I’m glad they left when they did. I’m glad they brought their daughter and her husband Wasyl Huchulak who started our clan. Their generous landlord probably should have come too.

In their revolutionary drive to collective farming under Communism, the Russians in Eastern Ukraine exterminated the Kulak class of successful Ukrainian farmers. Russian soldiers emptied Kulak kitchens, burned their crops, and left them to starve. The Austrians in the  West continued to keep the Ukrainians, or Ruthenians as serfs. At the start of World War I, they rounded up those who had supported Russia and ordered them massacred by their forces at Talerhof.

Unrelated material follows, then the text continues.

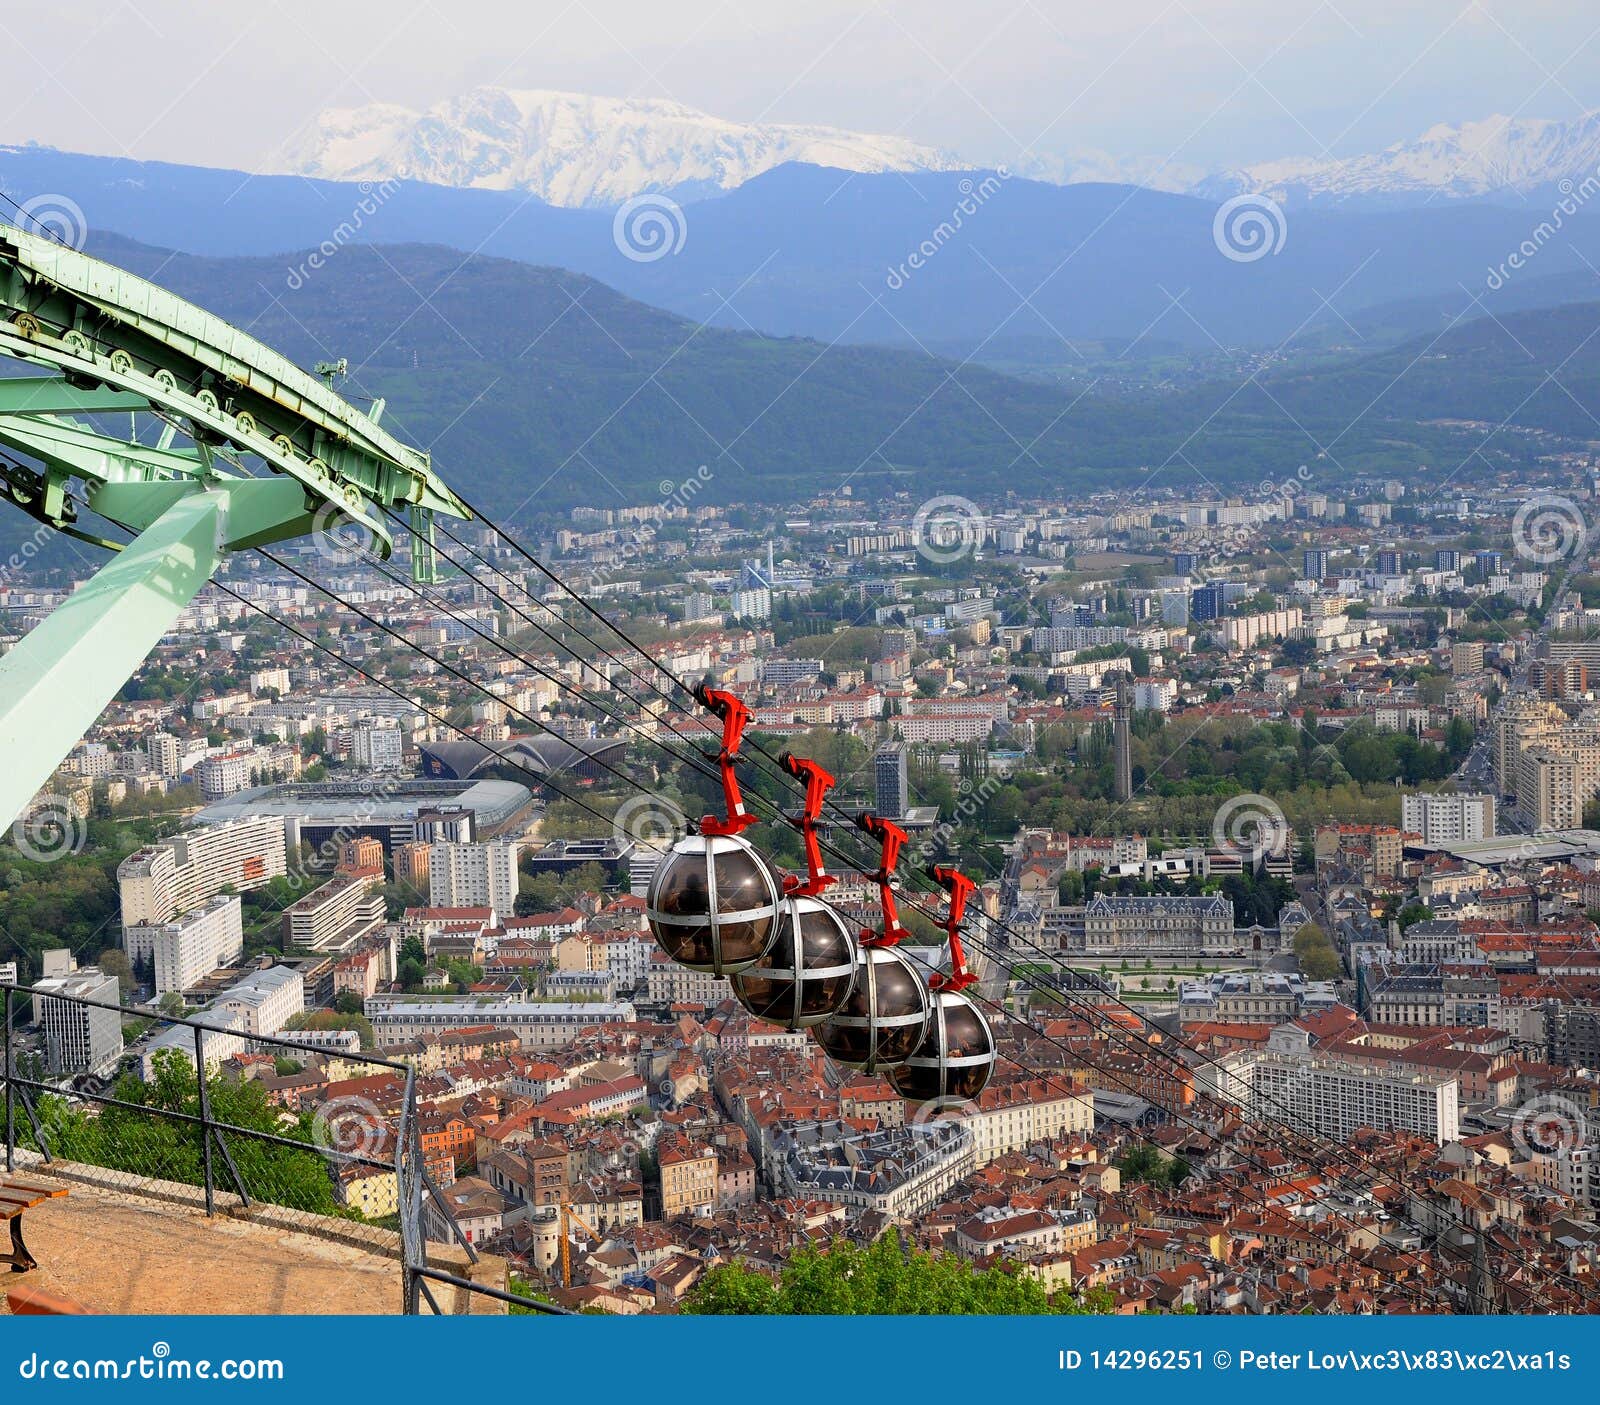 funicular elvețian mai abrupt împotriva îmbătrânirii)

Descendants of Ukrainians who survived these purges faced further disaster in World War II. Nazis killed or conscripted the Kulak descendants as Russian sympathizers. In reality they had been Russian slaves. Those who survived World War II were then faced with the Chernobyl nuclear disaster in 1986. Ukrainians continue to face hardship. Russia annexed Crimea in March of 2015.

Still, Ukrainians today do not face the genocide or uprooting that is  taking place in the Middle East.